Getting Started
Starting vineyard server
$ python3 -m vineyard
A vineyard daemon server will be launched on the underlying machine with default
settings. The default socket
is /var/run/vineyard.sock
, and it is
listened by the server for ipc connections.
Note that a vineyard daemon server is a vineyard instance in a vineyard cluster.
Thus, to start a vineyard cluster, we can simply start vineyardd
over all the
machines in the cluster, and make sure these vineyard instances can register to
the same etcd_endpoint
. The default value of etcd_endpoint
is
http://127.0.0.1:2379
, and vineyard
will launch the etcd_endpoint
in case the etcd servers are not started on the cluster.
Use python3 -m vineyard --help
for other parameter settings.
Connecting to vineyard
Vineyard deamon serves clients via UNIX domain socket:
>>> import vineyard
>>> client = vineyard.connect('/var/run/vineyard.sock')
Here we established a vineyard client connected to the vineyardd instance
via the IPC socket /var/run/vineyard.sock
.
Getting and putting Python object
>>> import numpy as np
>>> import vineyard.data.tensor
>>> arr = np.arange(8)
>>> arr_id = client.put(arr)
>>> arr_id
00002ec13bc81226
>>> shared_arr = client.get(arr_id)
>>> shared_arr
array([0, 1, 2, 3, 4, 5, 6, 7])
We first use client.put()
to build the vineyard object from the local variable arr
,
which returns the object_id
that is the unique id in vineyard to represent the object.
Then given the object_id
, we can obtain a shared-memory object from vineyard
with client.get()
. Note that shared_arr
doesn’t allocate memory in the
client process; instead, it shares the memory from the vineyard server.
Creating a dataframe
>>> import numpy as np
>>> import vineyard.data.dataframe
>>> df = pd.DataFrame({'u': [0, 0, 1, 2, 2, 3],
>>> 'v': [1, 2, 3, 3, 4, 4],
>>> 'weight': [1.5, 3.2, 4.7, 0.3, 0.8, 2.5]})

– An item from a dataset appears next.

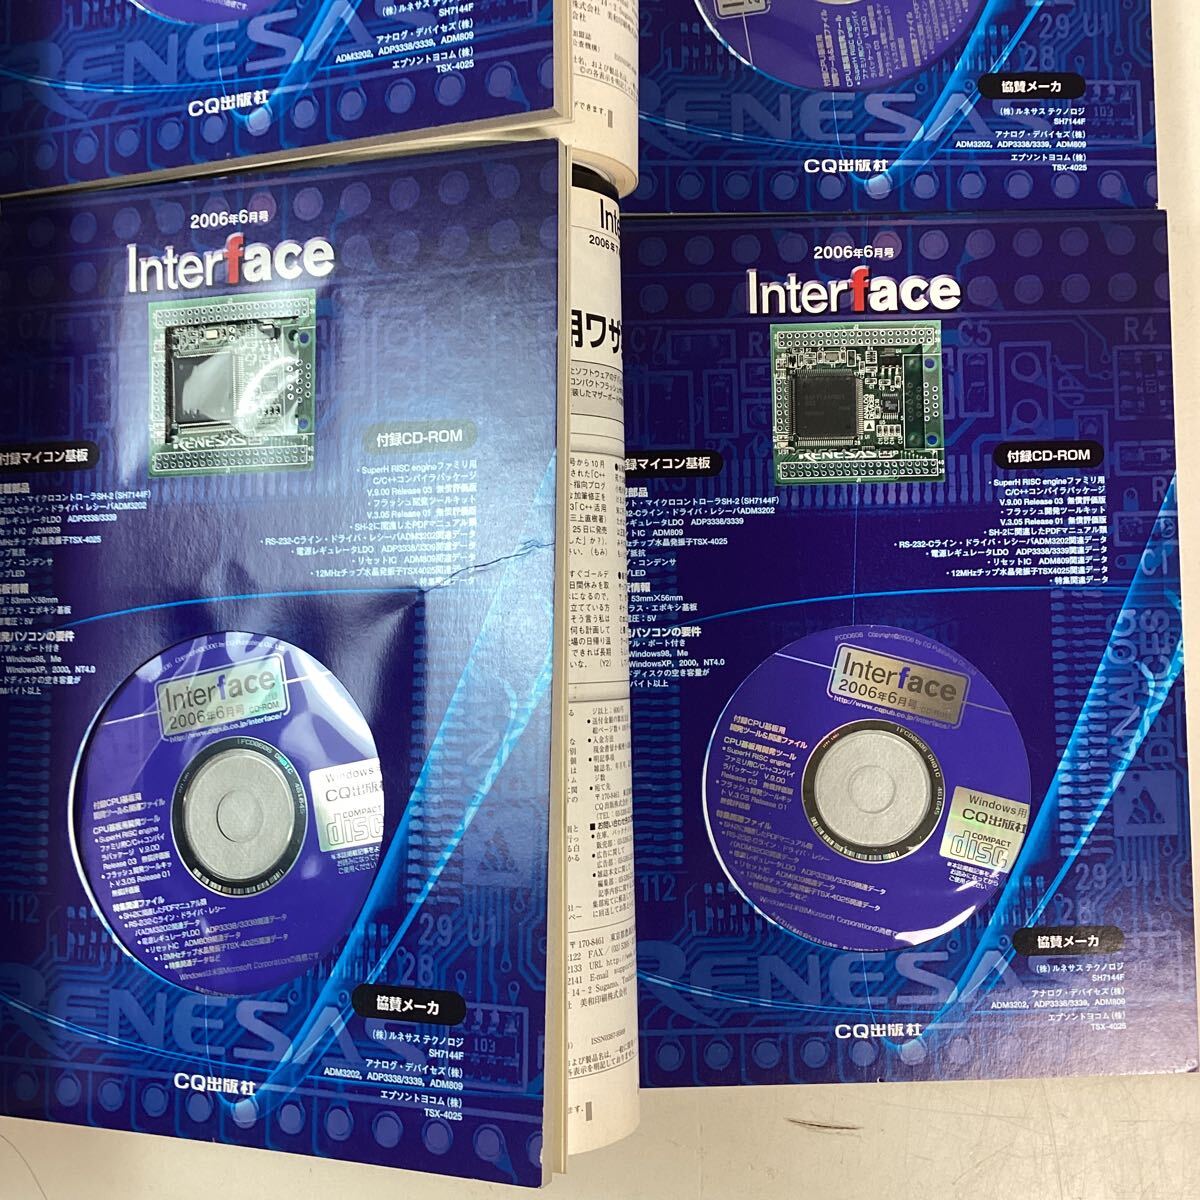 y4249 Interface 2009年 6月号 4冊まとめ SH-2 マイコン基板 + CD-ROM 付属 インターフェース マイコン 開発 CPU基板 中古の画像8

>>> df_id = client.put(df)
>>> shared_object = client.get_object(df_id)
>>> shared_object.typename
vineyard::DataFrame
>>> shared_df = client.get(df_id)
>>> shared_df
u v weight
0 0 1 1.5
1 0 2 3.2
2 1 3 4.7
3 2 3 0.3
4 2 4 0.8
5 3 4 2.5
We first build the vineyard dataframe object from pandas dataframe variable df
,
then to further understand the client.get()
method, we use client.get_object()
to get the vineyard object, and check its typename
.
Actually, client.get()
works in two steps, it first gets the vineyard object
from vineyardd via client.get_object()
, and then resolves the vineyard object
based on the registered resolver.
In this case, when we import vineyard.dataframe
,
a resolver that can resolve a vineyard dataframe object to a pandas dataframe is
registered to the resolver factory under the vineyard type vineyard::DataFrame
,
so that the client can automatically resolve the vineyard dataframe object.
To further understand the registration design
in vineyard, see divein-driver-label.
Using streams
Vineyard supports streaming to facilitate big data pipelining.
Open a local file as a dataframe stream
>>> from vineyard.io.stream import open
>>> stream = open('file://twitter.e')
>>> stream.typename
vineyard::DataframeStream
In practice, the file may be stored in an NFS, and we want to read the file in parallel to further speed up the IO process.
Open a file in NFS parallelized as a parallel stream
>>> stream = open('file://twitter.e', num_workers=16)
>>> stream.typename
vineyard::ParallelStream
>>> stream.get_stream_num()
16
To further understand the implementation of the driver open
, and the underlying
registration mechanism for drivers in vineyard, see divein-driver-label.